An Comhdháil Na Rince Gaelacha
- Sport: Irish stepdance
- Jurisdiction: International
- Founded: 1970; 56 years ago
- President: Collette McGee
- Chairperson: Matthew Donohoe

Official website
- www.irishdancingorg.com

= Comhdháil na Múinteoirí le Rincí Gaelacha =

Global governing body for Irish stepdance

Comhdháil na Múinteoirí le Rincí Gaelacha (English: The Congress of Irish Dance Teachers (Note: A number of sources, such as Cullinane 2016 and Foley 2016 translate the organisation's title as The Irish Dancing Teachers' Conference, but this article uses the English name adopted by An Comhdhail's own publications.)), also referred to as An Chomhdháil (the Congress), is a global governing body for Irish stepdance. Founded in the early 1960s, and then breaking from An Coimisiún Le Rincí Gaelacha to become an independent organisation, An Chomhdháil is today the second-largest Irish dance organisation and one of six to run a World Championships competition.

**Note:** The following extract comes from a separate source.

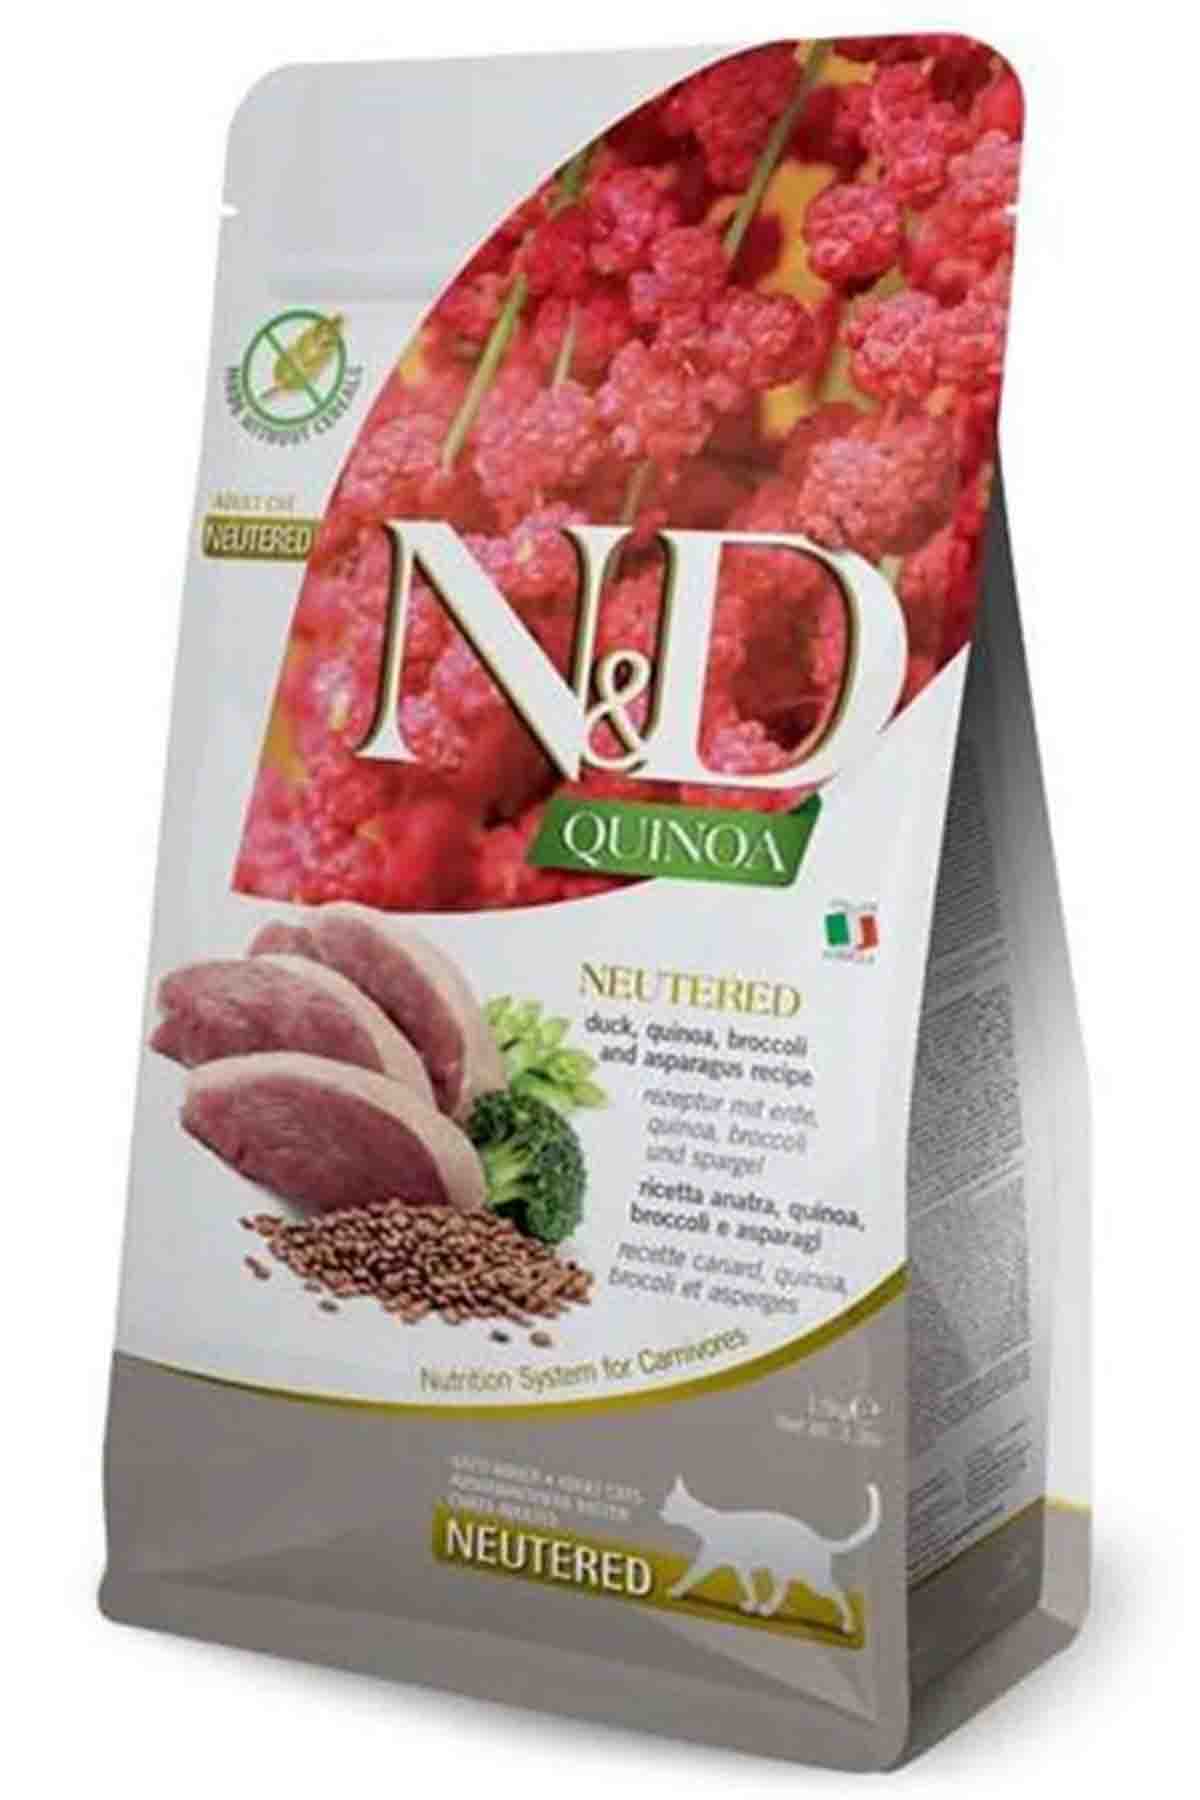 ND Quinoa Ördek Etli Kinoalı Brokolili Kısırlaştırılmış Kedi Maması 1,5kg

An Chomhdháil operates a system of examinations for the registration of teachers and adjudicators, and regulates Irish stepdance at its hierarchical system of competitions held across the world. It emphasises a democratic approach to this governance and represents the interests of Irish dancing teachers in its decision-making processes.

== History ==

Prior to the establishment of An Coimisiún Le Rincí Gaelacha in 1927 by the Gaelic League, with its goal of unifying and controlling Irish dance across Ireland, various organisations of Irish dance teachers had existed in the major cities of Ireland. The oldest among them, the Cork Irish Dance Teachers' Association, was founded in 1895 and played a key role in the establishment of the first oireachtas of the Gaelic League. Another, the Leinster Dance Teachers' Association, was founded in Dublin in 1924, but both associations were more or less defunct by the early 1930s.

In its early years of existence, An Coimisiún began to develop a system of examinations, centralised registration of teachers and a hierarchical competition structure. However, because the organisation was a component of the Gaelic League's nationalist agenda, there was little to no representation of dance teachers' interests within its decision-making processes. As a consequence, from 1961 onwards, dance teachers began to organise their own regular democratic conventions and protocols.

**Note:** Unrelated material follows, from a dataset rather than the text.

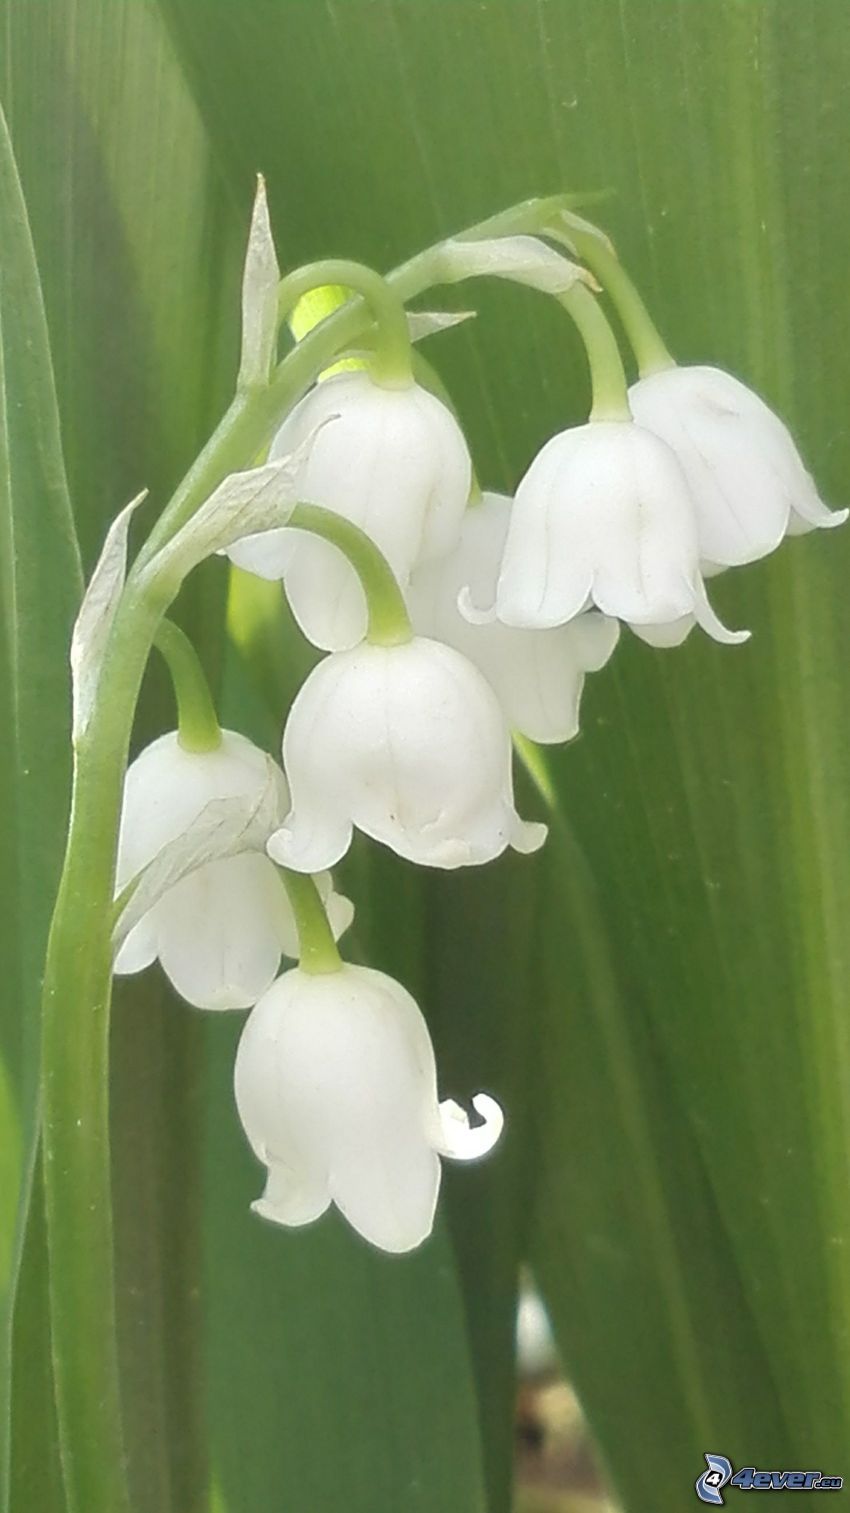 Maiglöckchen, weiße Blumen

Early conventions dealt largely with technical matters such as the regulation of shoes and dances, and throughout the 1960s, submitted its decisions to An Coimisiún, where they were largely accepted and made official. As a result, by the later years of the decade, most teachers of Irish dance registered with An Coimisiún had also registered with the dance teachers' organisations. The combined local teachers' associations which led this movement were collectively known as the Irish Dancing Teachers' Association, until the 1967 convention when a new constitution was drafted under the name of Comhdháil Múinteori Na Rinci Gaelach.

Beginning at the 1967 convention, later to become known as the Gormanston Convention for its location at Gormanston College in County Meath, An Chomhdháil began attempts to increase its standing within the An Coimisiún structure, including structural representation and compulsory dual registration for all of An Coimisiún's certified teachers. This quickly developed into significant tension between the organisations and resulted in further moves by An Chomhdháil to assert its autonomy, including registering teachers in North America.

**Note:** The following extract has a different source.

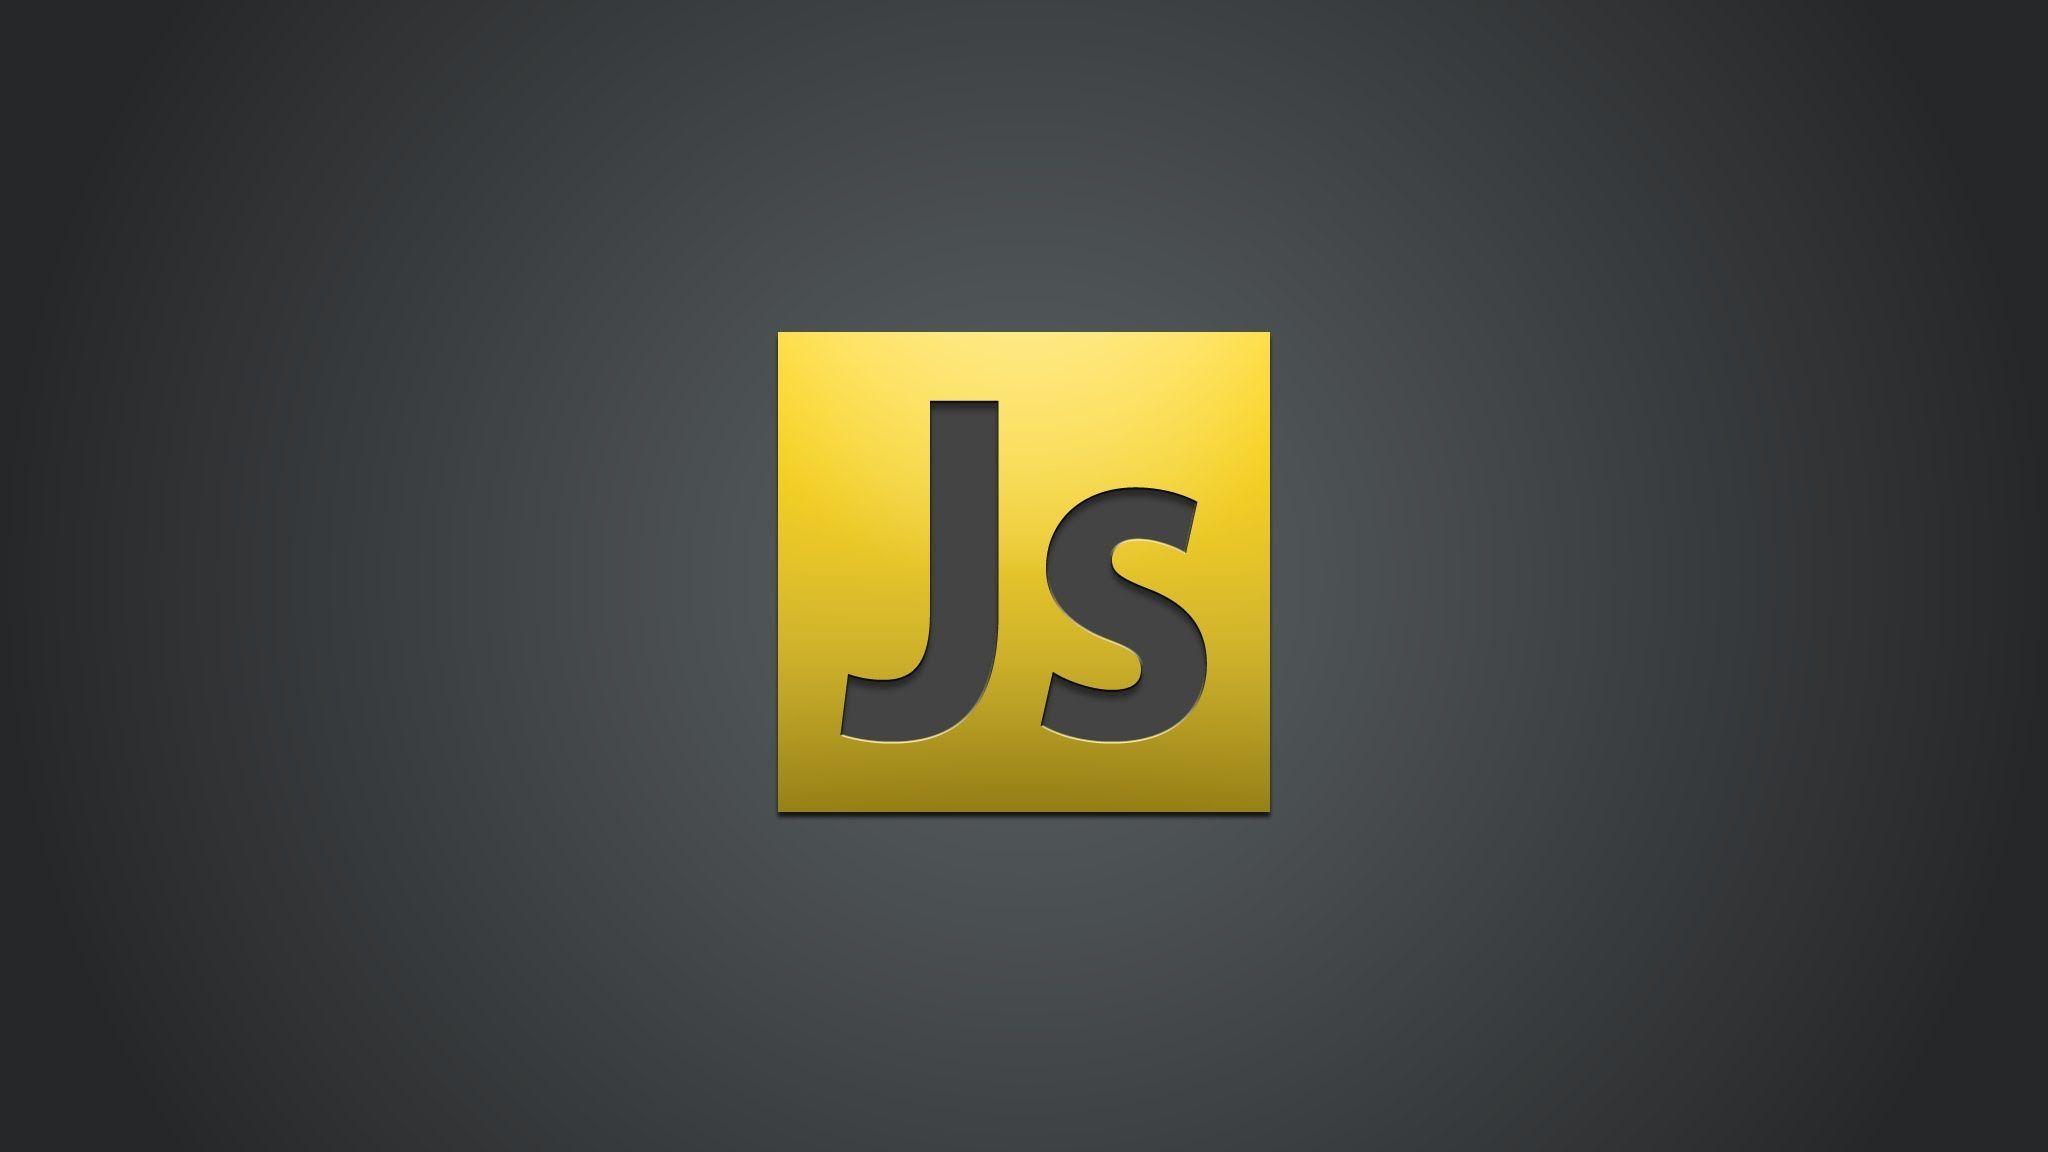 Curso básico de JavaScript - El DOM y JavaScript

At around the same time, An Coimisiún began to experiment with delegating its authority to regional councils, restructuring the Ulster Commission, which had previously functioned with limited autonomy in organising Irish Dancing in the Ulster region, to deal with concerns being raised about a feis held in Northern Ireland. This incident, along with increasing dissent with An Coimisiún's nationalist agenda and autocratic structure, led to the complete breakdown of relations between the two organisations. As a result, in 1969, a special convention of An Chomhdháil was called to discuss the teachers' dissatisfaction with An Coimisiún's attempts to extend its power, and a vote was carried 91 to 2, with 31 abstentions, to separate from An Coimisiún entirely. At the end of that year, all teachers were forced to register either with An Coimisiún or An Chomhdháil.

This event was to become known as "the Split", and had a significant impact on An Coimisiún, with the loss of nearly half of its registered teachers within Ireland. (Note: In the latter half of the 20th century, and partly as a result of this event, An Coimisiún increased the representation of dance teachers substantially so they composed an overwhelming majority of representatives.)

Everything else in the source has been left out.